Data extract:
####
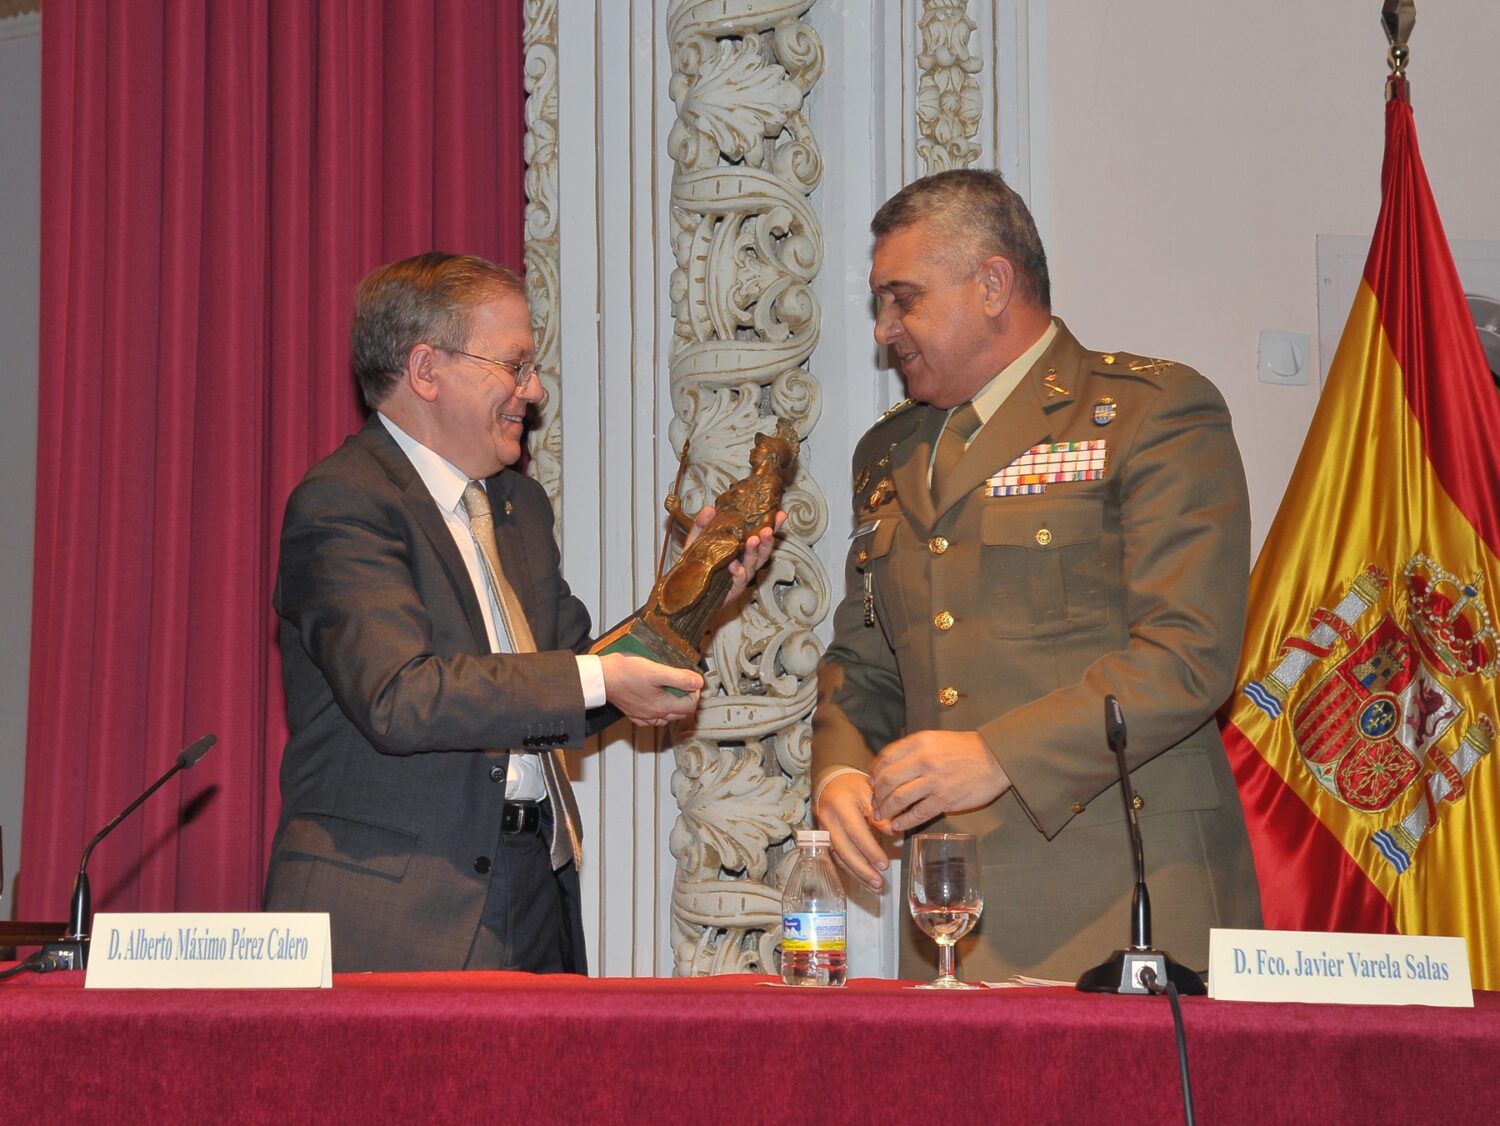 El Teniente General Jefe de la Fuerza Terrestre, D. Francisco Javier Varela Salas, recibió el galardón del Ateneo de manos de D. Alberto Máximo Pérez Calero, Presidente de la institución
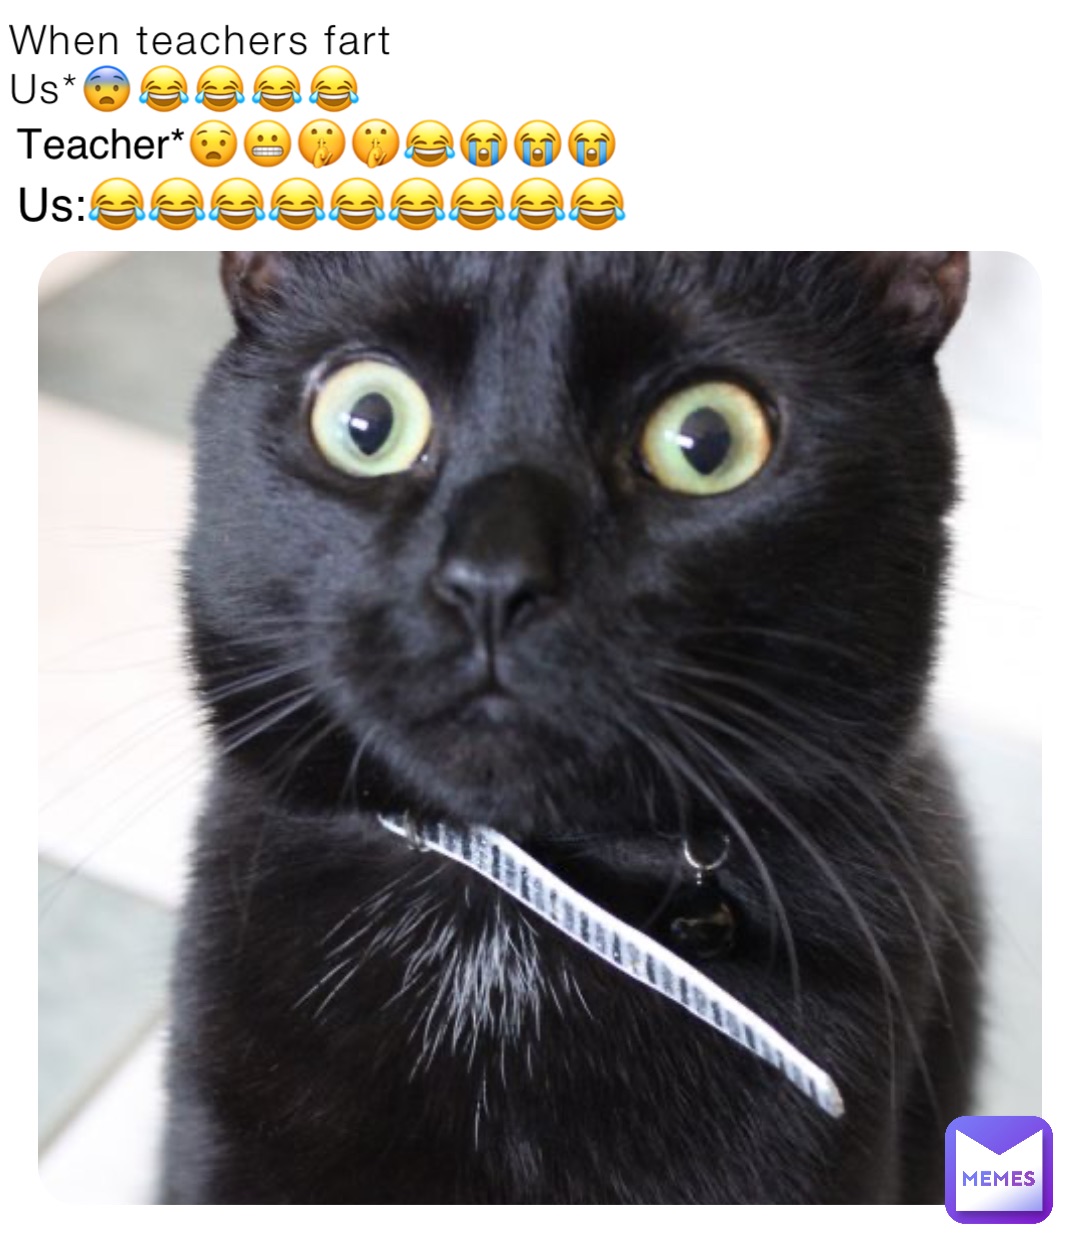 When teachers fart
Us*😨😂😂😂😂 Teacher*😧😬🤫🤫😂😭😭😭 Us:😂😂😂😂😂😂😂😂😂
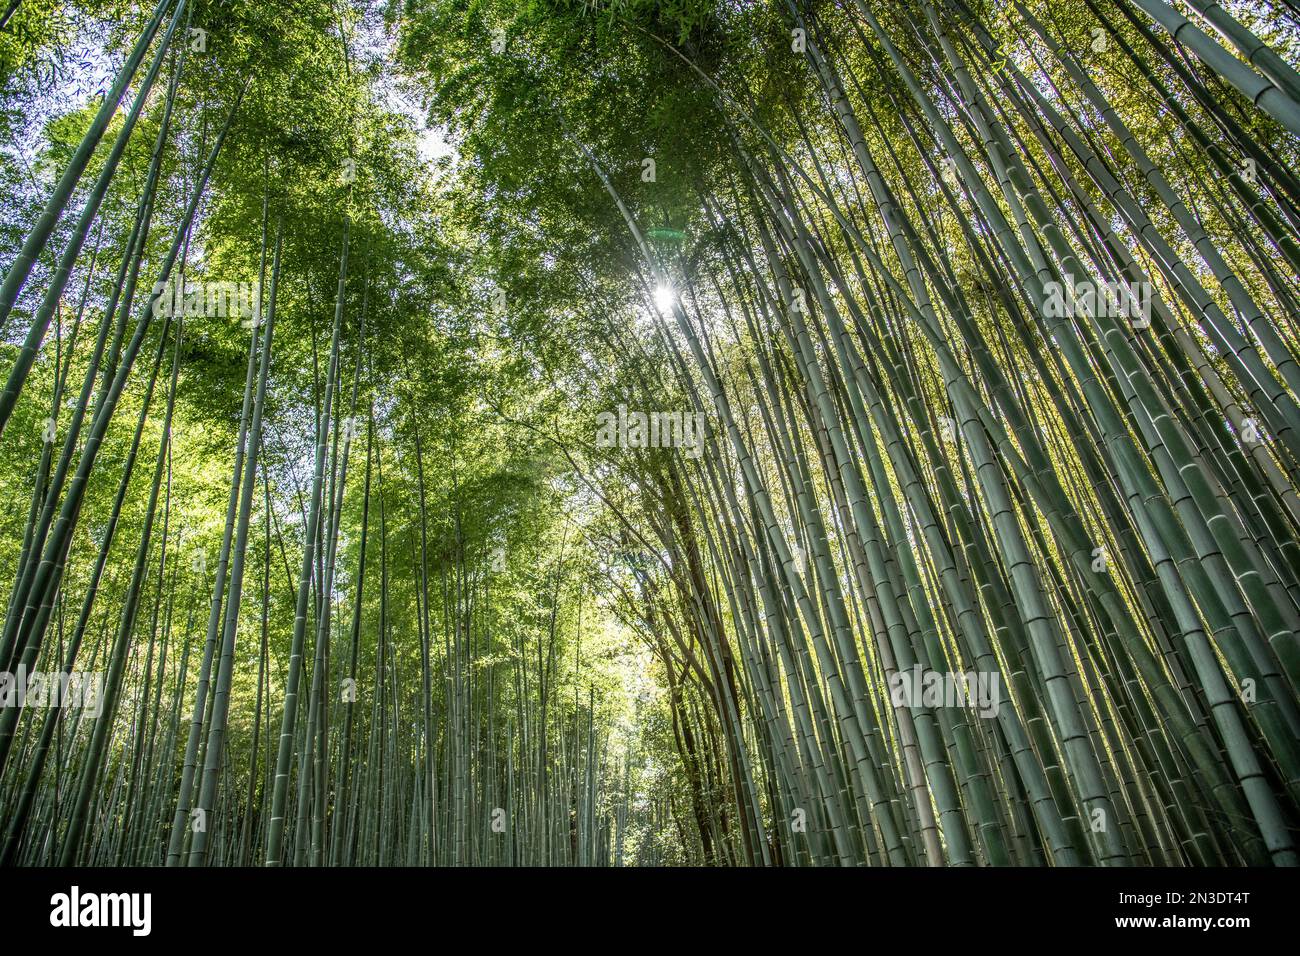 Alberi di bambù (Bambusa) nella foresta di Sagano a Kyoto, uno dei luoghi più fotografati della città. Si trova a nord-ovest di Kyoto in Giappone n... Foto Stock
####
Activity:
Write out each line again, exactly as it appears above, except for any picture.

Solved exercise:
 El Teniente General Jefe de la Fuerza Terrestre, D. Francisco Javier Varela Salas, recibió el galardón del Ateneo de manos de D. Alberto Máximo Pérez Calero, Presidente de la institución
 When teachers fart
Us*😨😂😂😂😂 Teacher*😧😬🤫🤫😂😭😭😭 Us:😂😂😂😂😂😂😂😂😂
 Alberi di bambù (Bambusa) nella foresta di Sagano a Kyoto, uno dei luoghi più fotografati della città. Si trova a nord-ovest di Kyoto in Giappone n... Foto Stock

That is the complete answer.